Julien Dumoulin-Smith - UBS Investment Bank, Research Division

Analyst · UBS

So first, just going back to the rate case strategy, you've talked about -- a lot about load growth here. You've also alluded to O&M inflation. Could you perhaps just talk Arkansas, Mississippi, just rate case filings expectations over the next couple of years and the ability to hit the 5% to 7%? What are you thinking right now in terms of going back in, rehearings, et cetera? If you could kind of delineate that.

Leo P. Denault

Analyst · UBS

Theo, you...

Theodore H. Bunting

Analyst · UBS

I'll start. This is Theo. I'll start with Arkansas. I mean, obviously, we've made a filing for our petition for rehearing, and we'll see how that goes. And that will obviously inform us in terms of what we do going forward. In Mississippi, we're still evaluating whether we need to file a rate case. But the -- we do know that 2013 test year for our fee filing is suspended. And if we do file a case, it'll be to prepare Entergy Mississippi for a post-System Agreement timing and also to move some of our power management riders that we recover certain costs around -- capacity costs around plants today into base rates. We also had a depreciation rate filing that we did or studied. I believe that was done in 2011. That could be operated in a rate case in Mississippi. But I think also, it will allow us the opportunity to explore some alternatives to unknown and measurable changes that could occur during a rate effective period, as Leo talked about in his opening comments. As you go forward, obviously, whether we file additional rate cases will be impacted by a couple of things you mentioned: where we see ourselves in terms of sales growth; the bearish regulatory mechanisms we have in play within some of these jurisdictions that might allow us to change the dollars we're recovering without necessarily filing a base rate case, for instance in Texas, where have rider opportunities. We have rider opportunities in other jurisdictions as well, Louisiana and the case I just mentioned, Mississippi. In certain cases, you can get recovery through riders, primarily around capacity, without filing base rate cases. As to where we go past the case that I just discussed, that'll have a lot to do with the cost structure, with sales growth, with the investment opportunities that we have overall and the mechanisms that are in play that will allow us to recover that without necessarily having to make a base rate case filing.

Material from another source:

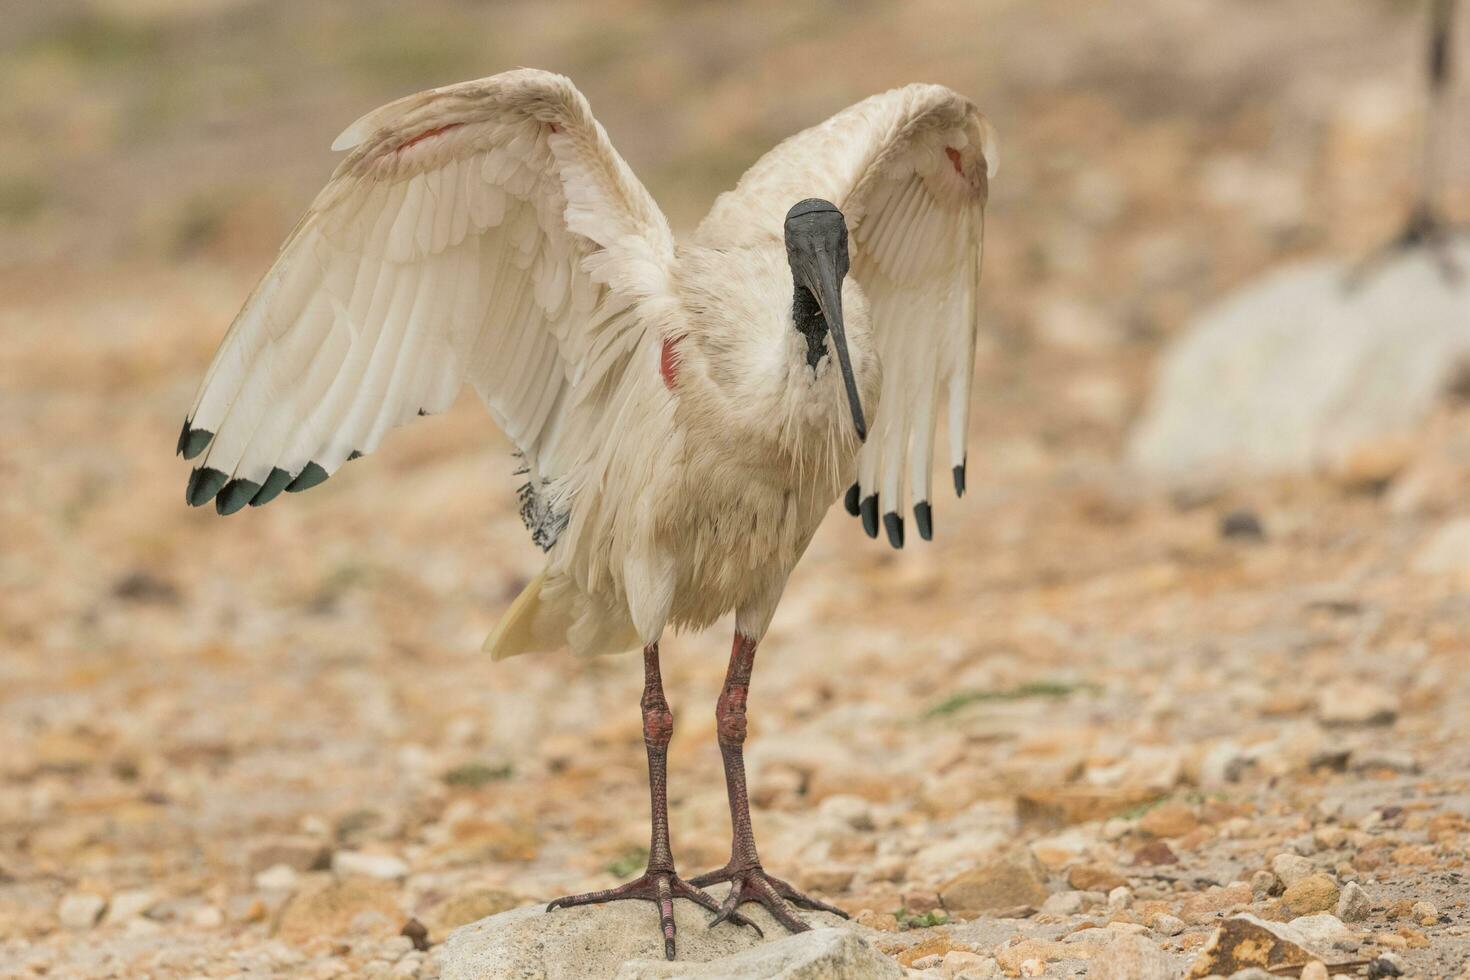 australischer weißer ibis foto

Julien Dumoulin-Smith - UBS Investment Bank, Research Division

Analyst · UBS

Great. And I suppose just following up on the ITC deal a little bit here, just thinking about ability to reinvest in the system, specifically on transmission. I'd be curious, is there an ability to ramp up spending there? Is this more about a wait-and-see in terms of what MISO opportunities might be forthcoming? Can you perhaps give us a little bit more context for what that opportunity might be, if it exists?

Leo P. Denault

Analyst · UBS

Julien, the -- where our transmission is today, we do have in -- as we said, over the next 3 years, $1.7 billion in our plan for transmission expenditures. As I mentioned in my comments, there are several things out there that could increase that if there are projects that are beneficial to customers that reduce congestion, that improve reliability, that provide access to generation within the MISO equipment, et cetera, or they -- any PMBP projects that would be out there, part of the Order 1000. So there are things out there just in the system as it stands. The other aspect is, as we start to get more line of sight on this economic development front, certainly if 2,400 megawatts show up or more, that's just what's been announced to date, and there's nothing in the commodity strips that would lead you to believe that, that renaissance is over, that's going to provide a situation where there might be more transmission investment as well if you start adding -- like the Sasol example that Drew gave us, 200 megawatts in one facility. Those sorts of things are going to have an impact. So there is the opportunity for that transmission investment to be larger if there are things that we can do to benefit customers or to hook up new customers. And it would appear that the market is ripe to have some of that happen, but it's a little early to tell right now.

Operator

Operator

We'll take our next question from Kit Konolige with BGC.

Kit Konolige - BGC Partners, Inc., Research Division

Analyst · BGC

Just a couple of somewhat unrelated questions. On the impacts that have been -- increased the expectations for 2014 EPS to the top end of the range, I think you mentioned pension was a $0.09 positive, and the -- and then the -- it appeared that a significant driver was higher expected prices at the nuclear fleet, the EWC nuclear fleet. Did you quantify that? Or did I miss that?

Andrew S. Marsh

Analyst · BGC

Well, I think, Kit, if you look at the slide that shows the EBITDA for EWC, you could see where most of that is, particularly if you compare to kind of the last update we gave last quarter with the same slide. And so it's up considerably. And eyeballing it, $150 million, $175 million.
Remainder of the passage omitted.